Husten und Niesen verbreiten den Erreger

"Eine Infektion geht in der Regel von Menschen aus, die an einer offenen Lungentuberkulose erkrankt sind. Unter einer offenen, also infektiösen Lungentuberkulose versteht man Erkrankungen, bei denen der Krankheitsherd Anschluss an die Luftwege hat und damit Bakterien an die Umwelt abgegeben werden können", erklärt das RKI. Die Infektion erfolge fast immer durch feine erregerhaltige Tröpfchen in der ausgeatmeten Luft, die von erkrankten Personen insbesondere beim Husten und Niesen freigesetzt werden. Die Inkubationszeit beträgt sechs bis acht Wochen. Nur ein Teil der Infizierten erkrankt tatsächlich an einer Tuberkulose. Das Erkrankungsrisiko sei in den ersten beiden Jahren nach der Infektion am höchsten.
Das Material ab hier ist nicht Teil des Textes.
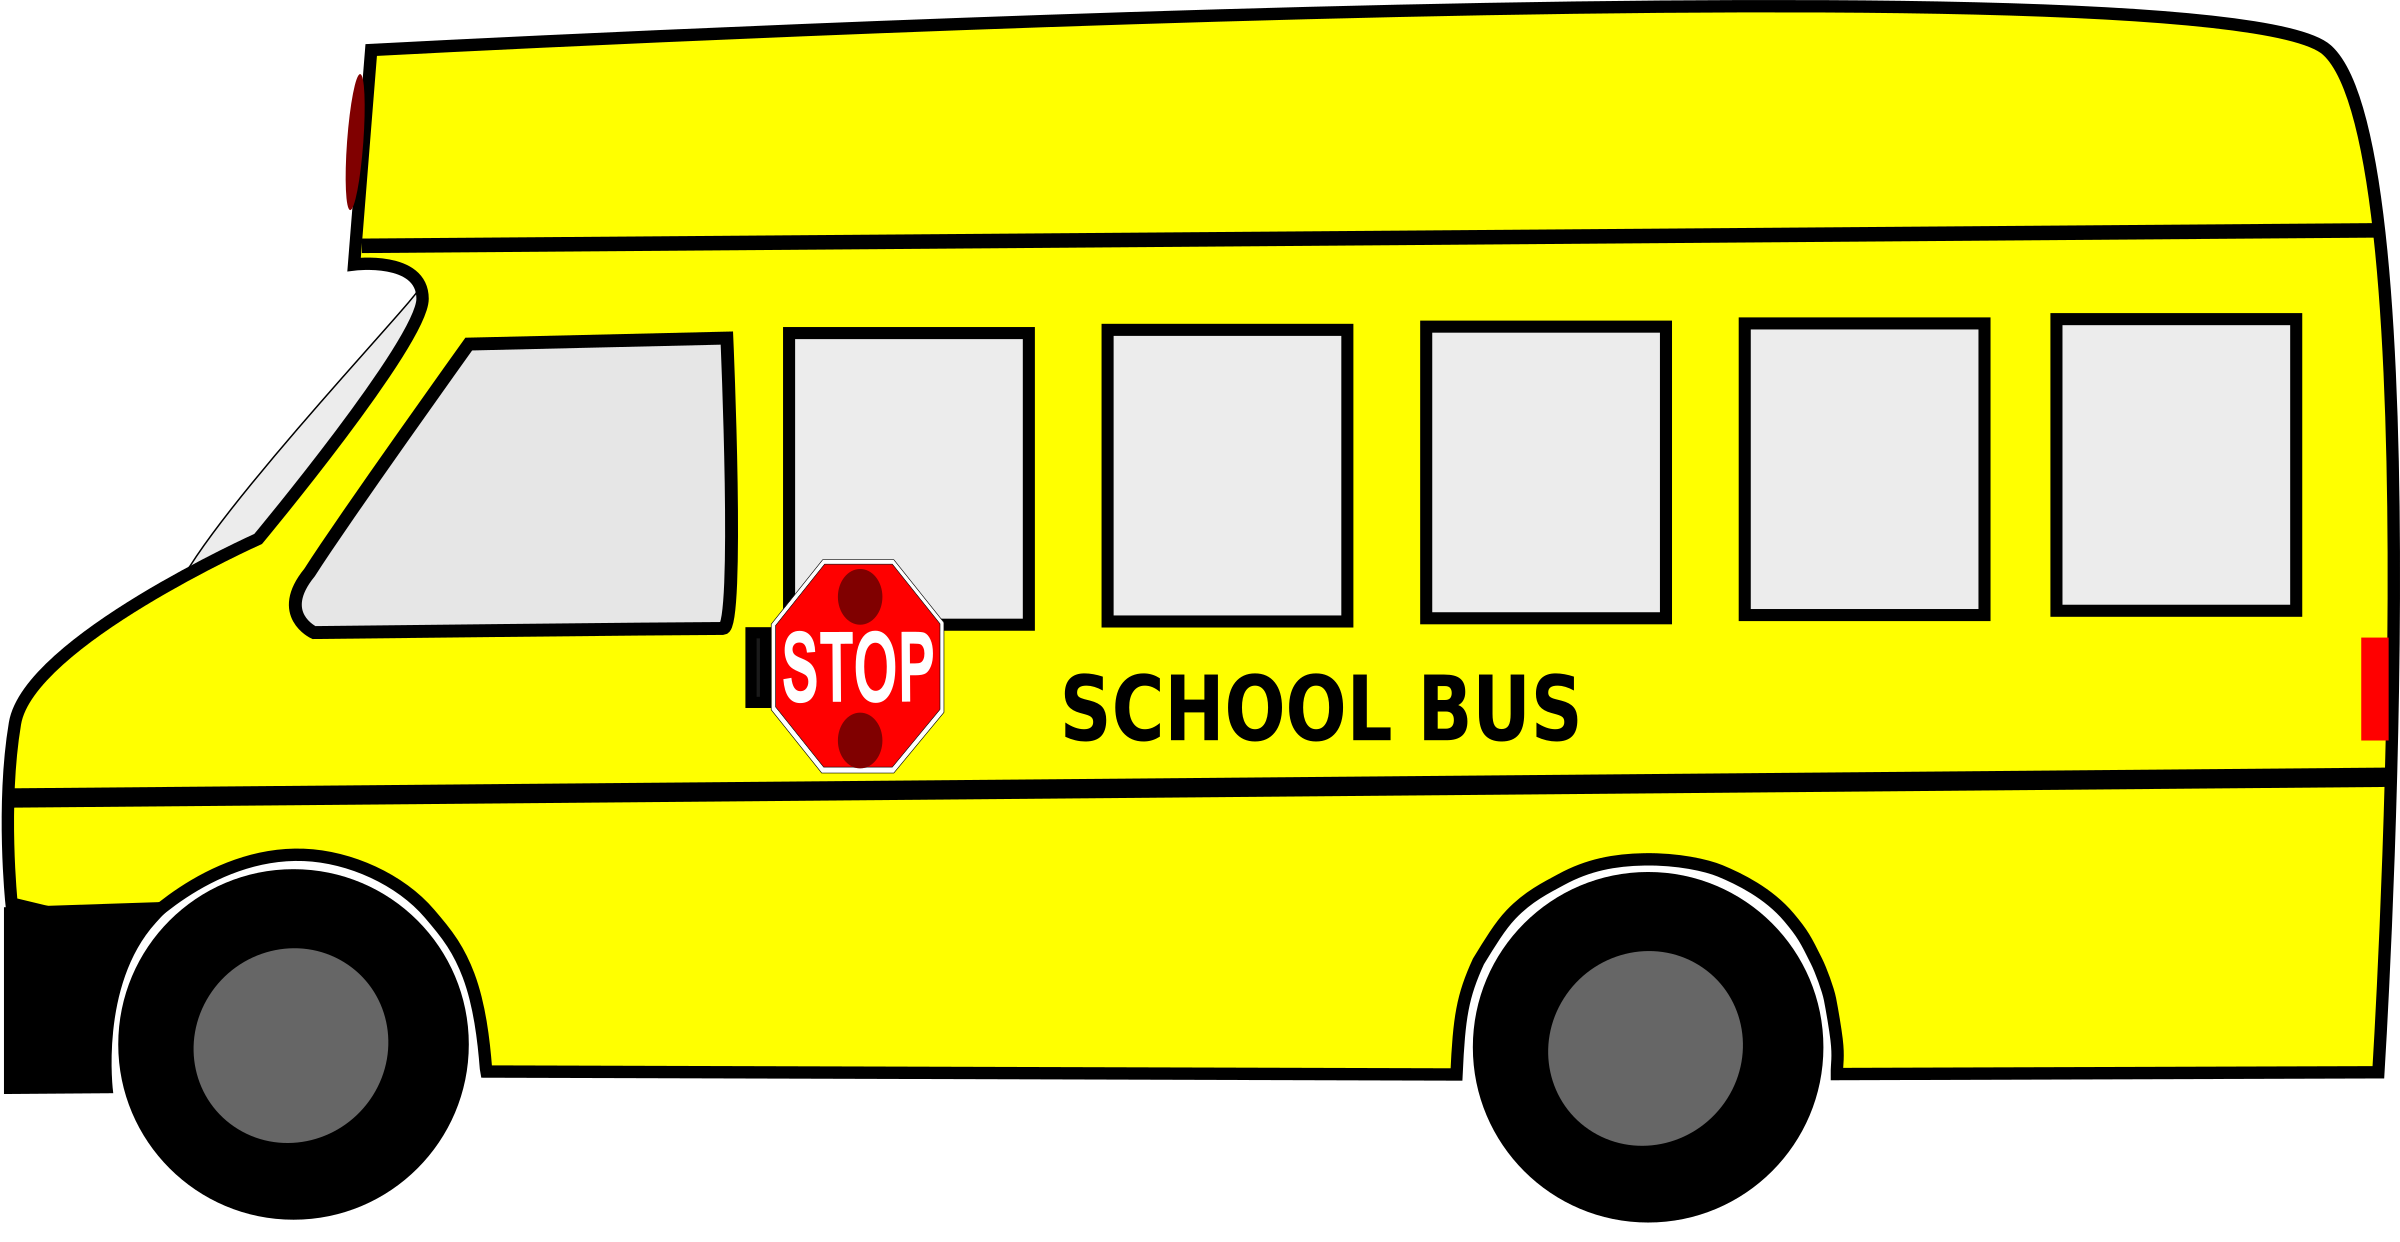 Bus animated svg free. Moving clipart school

Symptome einer Tuberkulose

Nach Angaben des RKI ist das Leitsymptom der Lungentuberkulose Husten mit oder ohne Auswurf, wobei dieser auch blutig sein kann. Gelegentlich komme es zu Brustschmerzen und Atemnot. "Jeder länger als drei Wochen bestehende Husten sollte daher unbedingt ärztlich untersucht werden. Bei blutigem Auswurf ist eine sofortige Abklärung erforderlich. Mögliche weitere Allgemeinsymptome sind Einschränkungen des Allgemeinbefindens, Appetitmangel, Gewichtsabnahme, leichtes Fieber, vermehrtes Schwitzen (besonders nachts), Müdigkeit, allgemeine Schwäche oder Zeichen ähnlich denen eines grippalen Infektes."

Impfung gibt es keine

Die BCG-Impfung gegen Tuberkulose wird von der Ständigen Impfkommission (STIKO) am Robert Koch-Institut seit 1998 nicht mehr empfohlen. Zu den Gründen gehören unter anderem eine nicht sicher belegbare Wirksamkeit der Impfung sowie die unerwünschten Nebenwirkungen des Impfstoffes. Dies entspreche den Empfehlungen der WHO, die vorgeschlagen hat, in Populationen, deren Infektionsrisiko für Tuberkulose unter 0,1 Prozent liege, keine generelle BCG-Impfung durchzuführen, so das RKI. Ein Impfstoff sei in Deutschland nicht mehr zugelassen, international aber noch verfügbar.